Everything seemed strange to me, but special at the same time. I was feeling sad because I could not meet my biological father. But I had found my other family, my oncle and my cousin who embraced me and I felt all my father's love. I am really happy, I have a wonderful family. I will give my life for them. There are my only and real family. I shared my life with two lighthouses. This one where I normally live, and the other one where I go on my holidays, visiting my oncle and my cousin. Each one in the opposite end.


The story of the lighthouse keeper and the sailor by Rhianna Eve

In winter, the old village’s lighthouse was almost abandoned, except for the old lighthouse keeper living there. Since he was a little boy, he used to visit the lighthouse every day and, after losing his job and his home, he made his home there. Sometimes, a young sailor used to come and visit him when he was not at sea and he helped him when the keeper couldn’t attend things properly. Both had a very special relationship. One day trips were made in summer to see the lighthouse, so winter was the time when they have more time to clean and fix everything, in order to keep having visits. These visits were the way the old keeper had to live. One day, as the sailor ran down the spiral stair of the lighthouse’s tower, he felt someone else was there. He looked up and saw the keeper staring to the bottom. -

Come down, man, you are going to fall! – said the sailor trying to make a joke, although he was really worried about what he was doing.

When he noticed that the keeper didn’t pay any attention to him, he went up the stairs. Suddenly, the keeper’s body fell to the ground. Their eyes met and the sailor remembered every moment they had spent together. Without noticing, he was beside the keeper’s body, with tears in his eyes. He saw a piece of paper in the keeper’s pocket. It was a handwritten letter: “My dear friend: I am sorry I must tell you good bye. I can’t go on living like this in this world. The lighthouse is getting worse and I can’t get enough money to repair it. I have almost no money to keep being alive. Thank you very much for being my friend even in bad times and for helping me and making me happy. I am sorry I cannot make this work forever. I will never forget you, Good bye.”

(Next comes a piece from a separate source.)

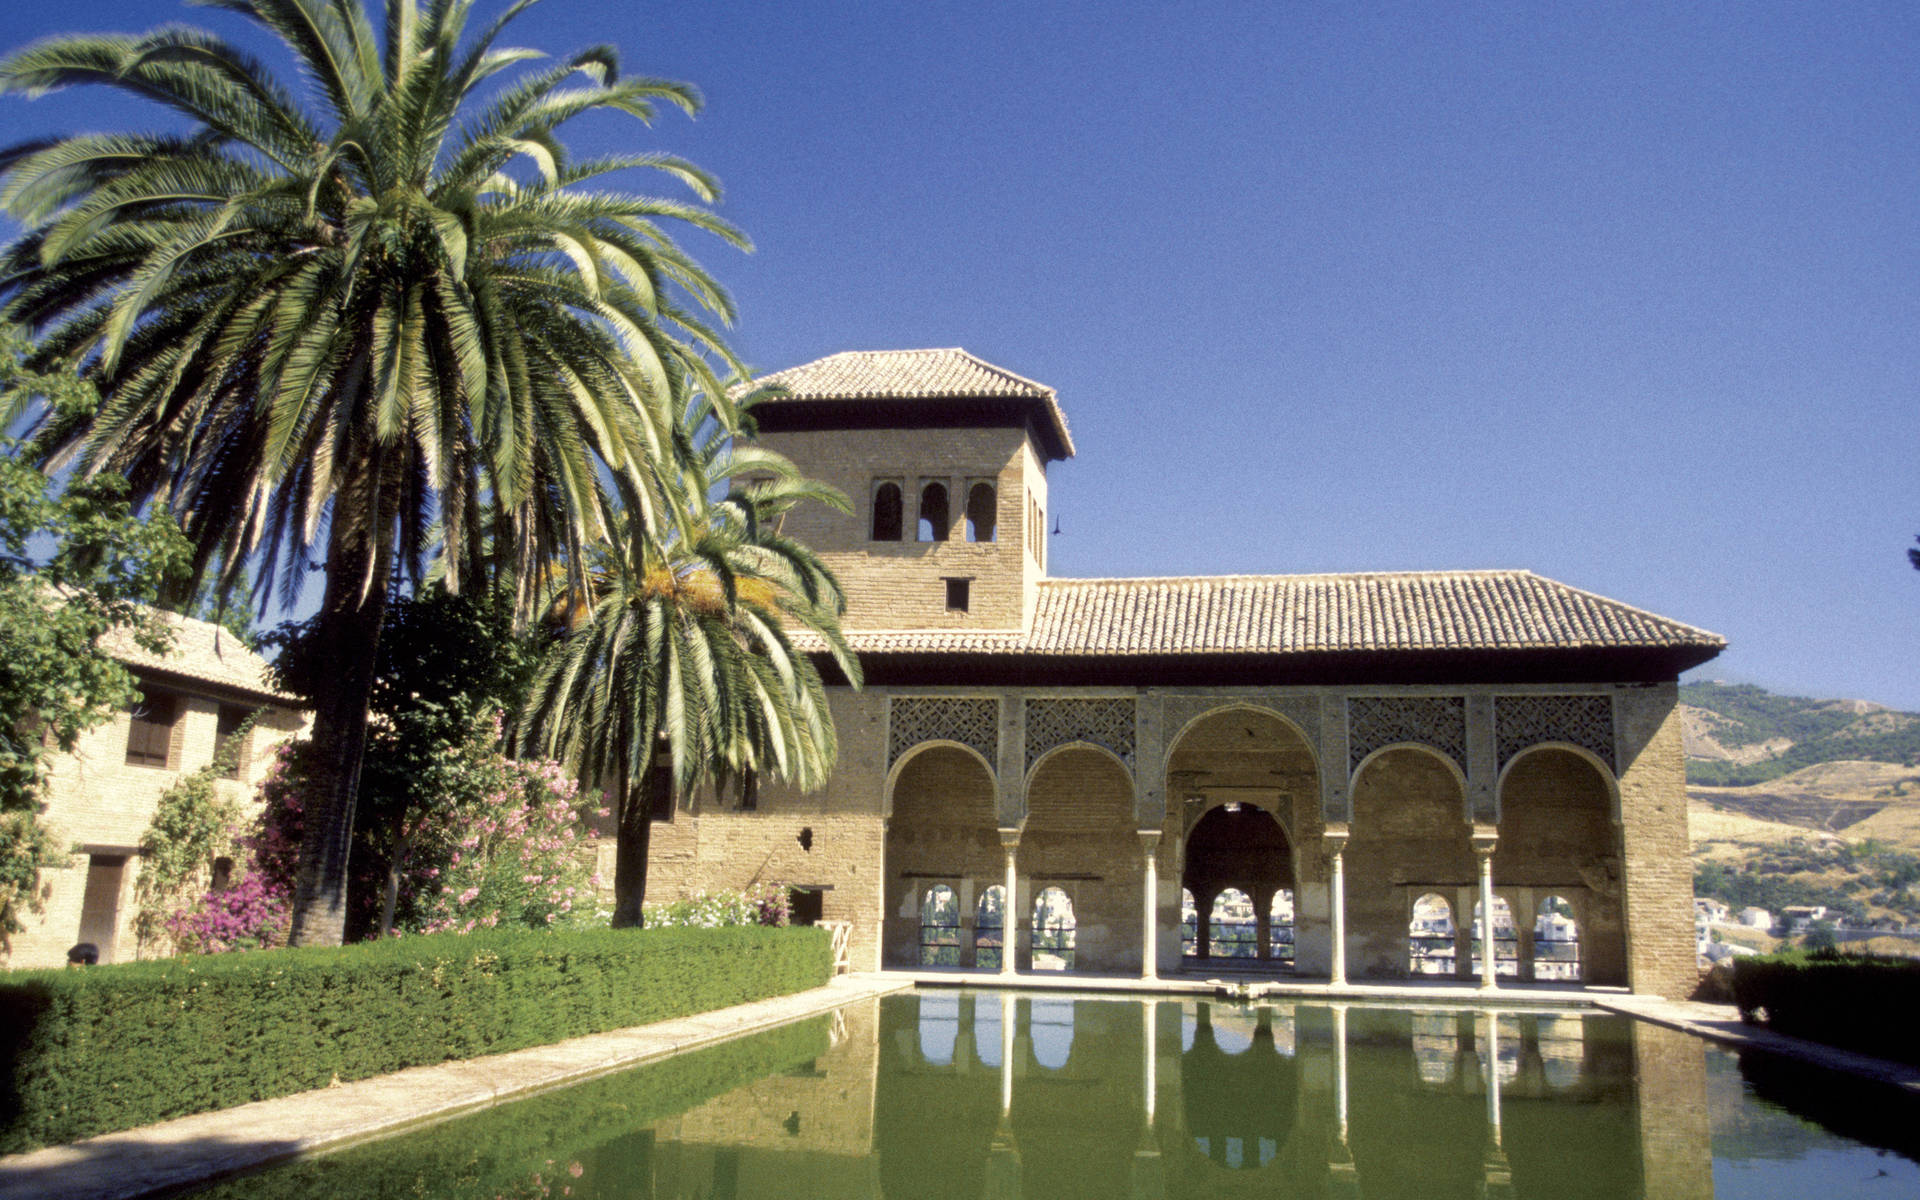 Alhambra 2560 X 1600 Wallpaper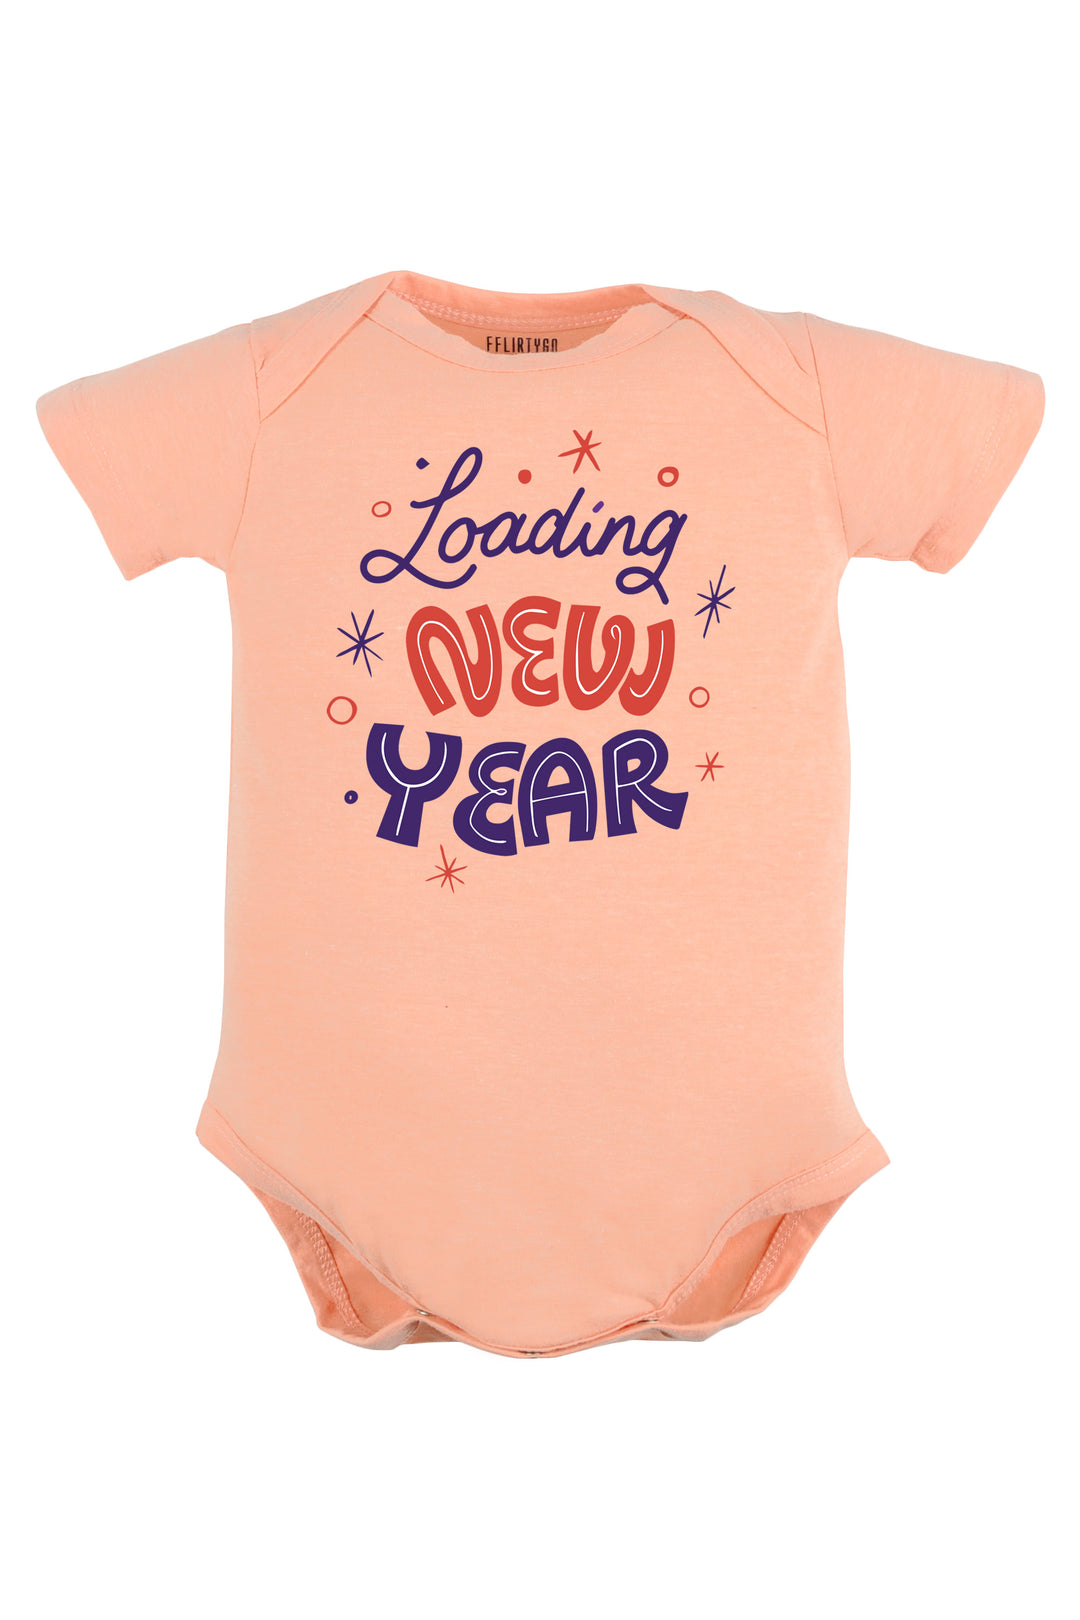 Loading New Year Baby Romper | Onesies

The sailor, crying, stood up to turn on the torch because it was getting dark. He tried to understand what had happened. Climbing up the stairs, he remembered all the good moments with the keeper: the day they first met, the nights telling old stories and every moment of joy when things did not go well. Once he reached up he noticed there was something inside the torch. He turned it off to see what was inside and he found a map of subterranean tunnels. The sailor was very confused: how did he not know this before? So he went home to get ready for exploring the next day. Next morning, the sailor woke up early to reach the lighthouse as soon as possible. Catching the map, he began to look everywhere in order to find some door or some passage which take him to the tunnels. However, the higher he went up, the less hope he had. He was climbing up the stairs, being alert, but there was nothing. When he was about to quit, he remembered that there was a kind of stairs to the ceiling. He had never paid them attention. Then he went out to the balcony to climb these stairs. It seemed to be nothing unusual there, until he found a weird door. He thought that it was connected with the lens room, but he realised his mistake when he opened it. This door took him to a stairs surrounding the lighthouse. Without thinking, he began to descend them and, when he arrived to the bottom, he found the most spectacular thing ever imagined. The map seemed to show tunnels, but it really had information about a huge library made of crystal which occupied the entire ocean. Its walls were covered by bookcases containing every kind of books: fiction, history‌ From this very moment, the sailor took charge of the lighthouse. Each noon he went down to his new favourite place to explore each tunnel and to read one of these excellent books. He also hung some pictures of the lighthouse keeper there, in order to take him to this secret place. When the sailor died, he bequeathed the lighthouse to his children, and they bequeathed it to theirs and so on until now. Do you want to know how I first learned of this secret place? Just because right now this lighthouse is mine.